Intermittent build timeouts
Incident Report for Percy
Resolved
This incident has been resolved.

We made additional significant adjustments to our rendering infrastructure's resourcing and memory management systems to mitigate build timeouts, and have seen a subsequent drop in error rates and timeouts. Though the vast majority of screenshots were rendering without issue, during certain periods of high load and with very large "poison pages", significant memory pressure would occur and cause a cascading issue across our rendering clusters.

We will complete an internal root cause analysis and post-mortem to improve our systems and handling of this type of issue in the future, and we will continue monitoring for any similar issues. Thank you for your patience and support during this incident.
Posted May 21, 2021 - 12:48 PDT
Update
We have made significant adjustments to our rendering infrastructure's resourcing and memory management systems to mitigate build timeouts. Though the vast majority of screenshots are rendering without issue, certain very large "poison pages" may require significant resources to process and may result in timeouts.

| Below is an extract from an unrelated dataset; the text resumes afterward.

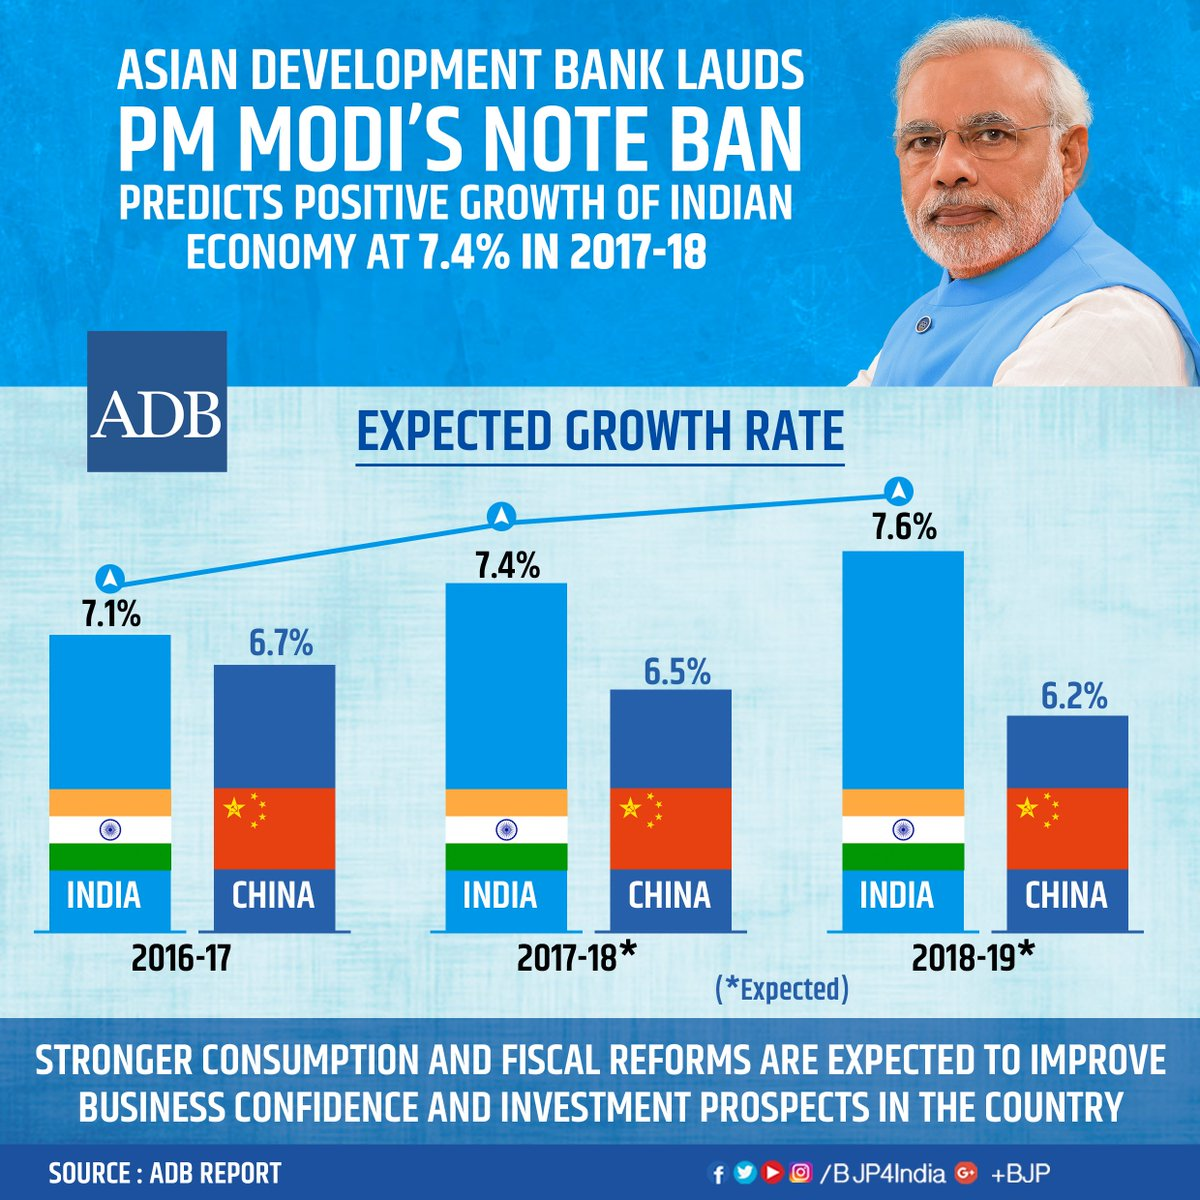 Asian development bank (adb) lauds pm modi's noteban ...  Asian developme...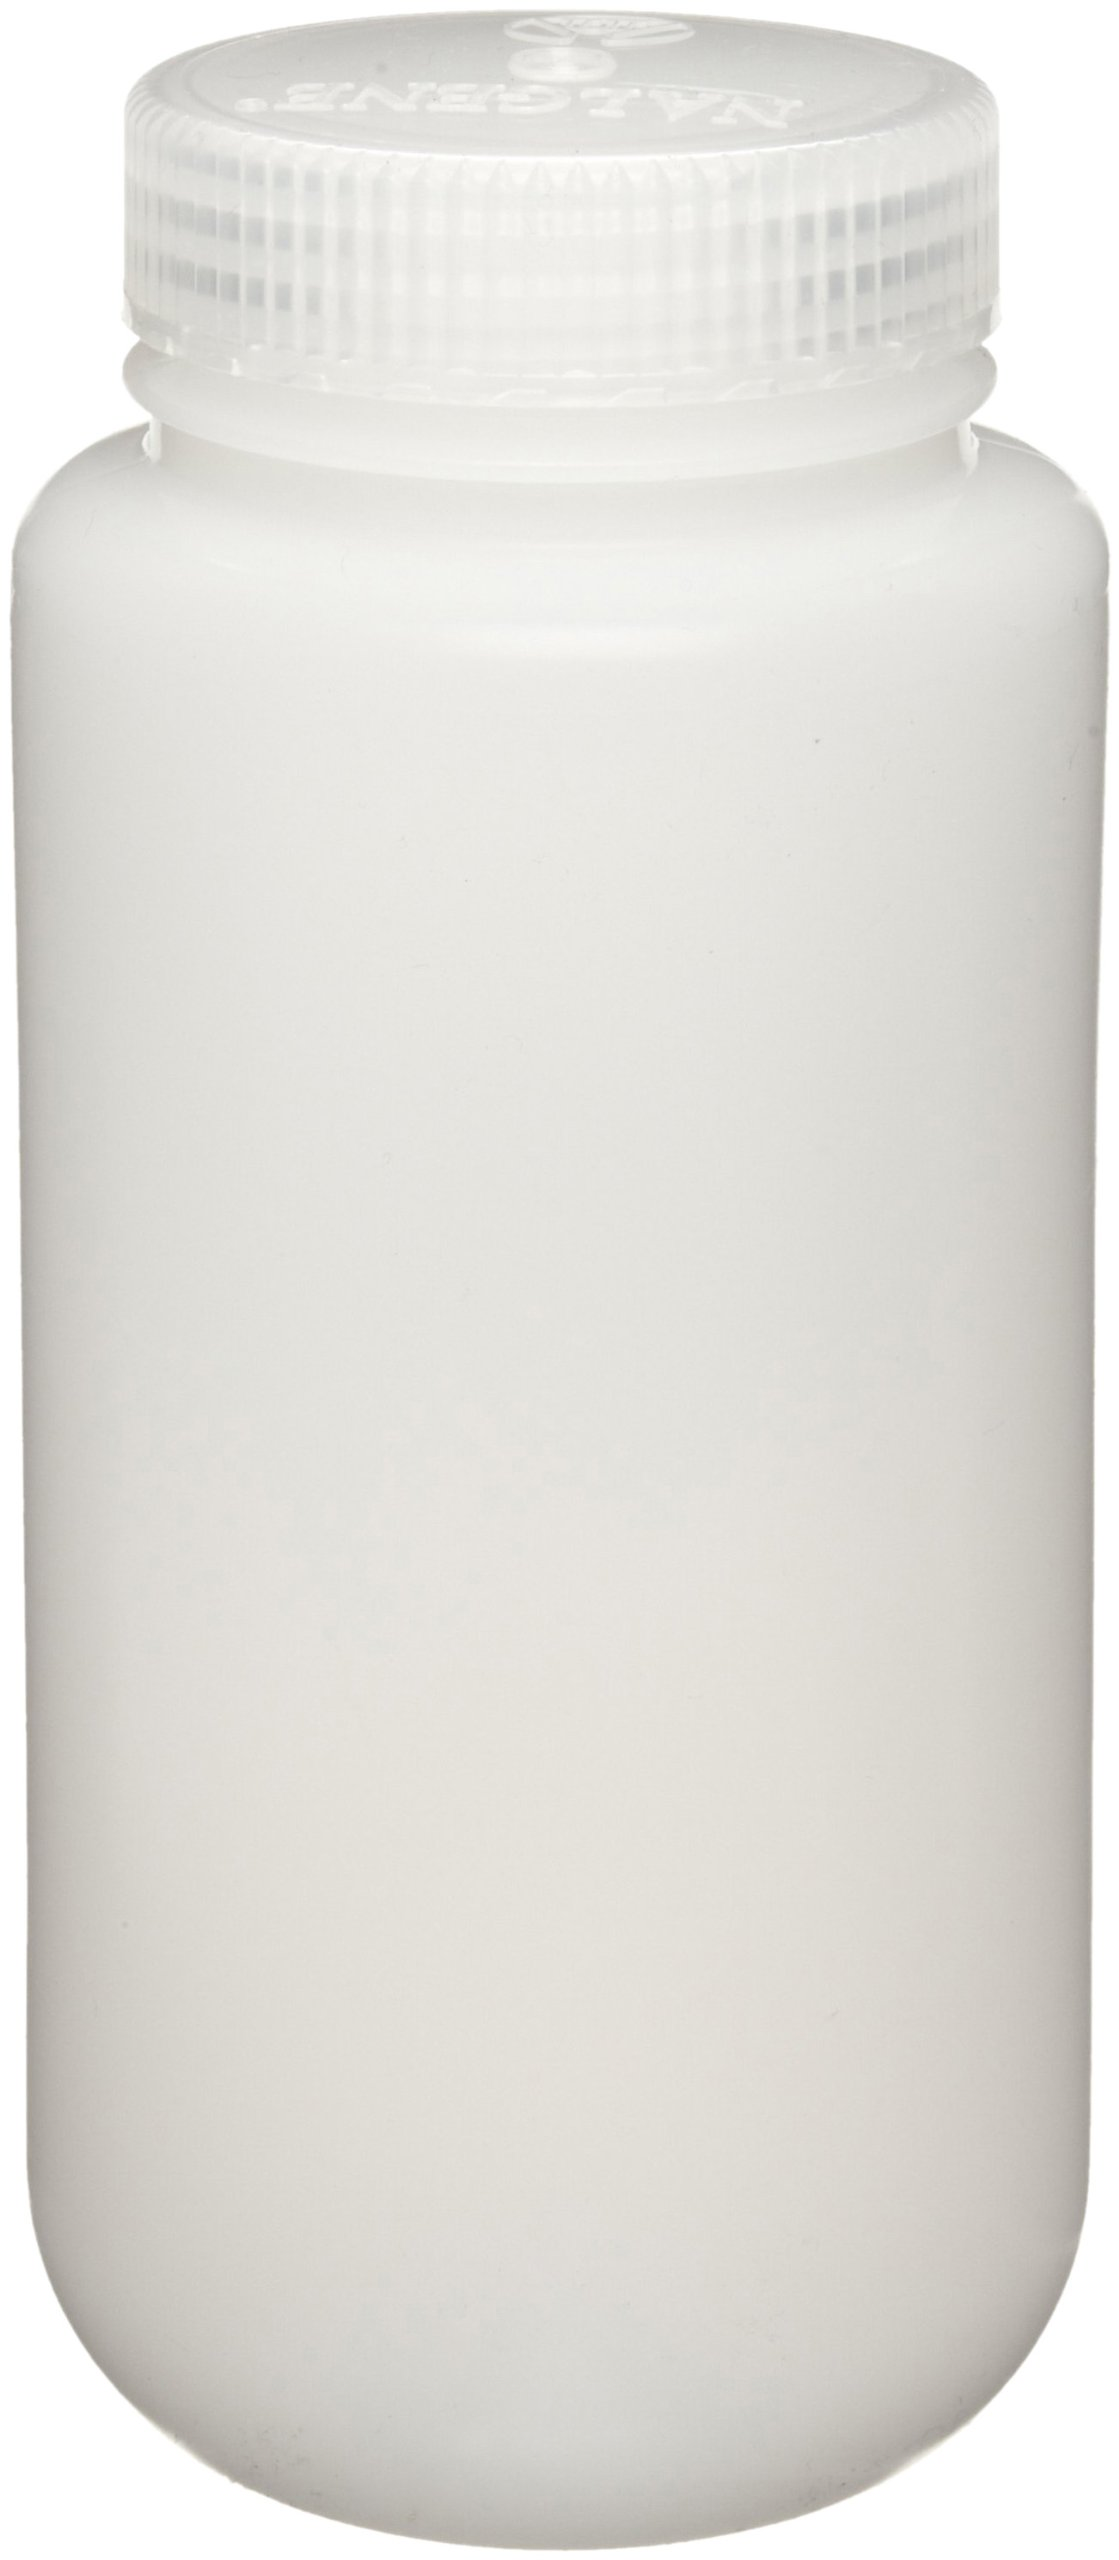 Nalgene 2199-0016 PassPort IP2 Bottle, Hazmat Shipper, Wide-Mouth, HDPE, 500mL (Pack of 12)

We are monitoring this closely and will update as we learn more, until this is fully resolved. Thank for your continued patience.
Posted May 20, 2021 - 14:08 PDT
Update
We are continuing to investigate this issue.
Posted May 20, 2021 - 06:03 PDT
Update
We are continuing to investigate this issue.
Posted May 20, 2021 - 03:15 PDT
Monitoring
We have identified what we believe to be the root cause of memory pressure issues in our rendering infrastructure. Certain very large "poison pages" caused a new type of memory pressure in Firefox which was not correctly handled and resulted in timeouts and failed builds. We have updated our systems to better handle this edge case and are now verifying the fix.

We will leave this issue open for the next 24-48 hours as we verify the fix works under normal load.
Posted May 19, 2021 - 10:58 PDT
Investigating
We are currently investigating an incident with intermittent build timeouts which began last night around 8:30 pm PT affecting multiple customers, which has since stabilized. The problem is not currently happening, but we are proactively declaring an incident because we believe it may reoccur again under certain load conditions.

We are working to identify and remediate this and will update this incident as we root cause the issue. Thank you for your patience.
Posted May 19, 2021 - 06:42 PDT
This incident affected: Rendering infrastructure.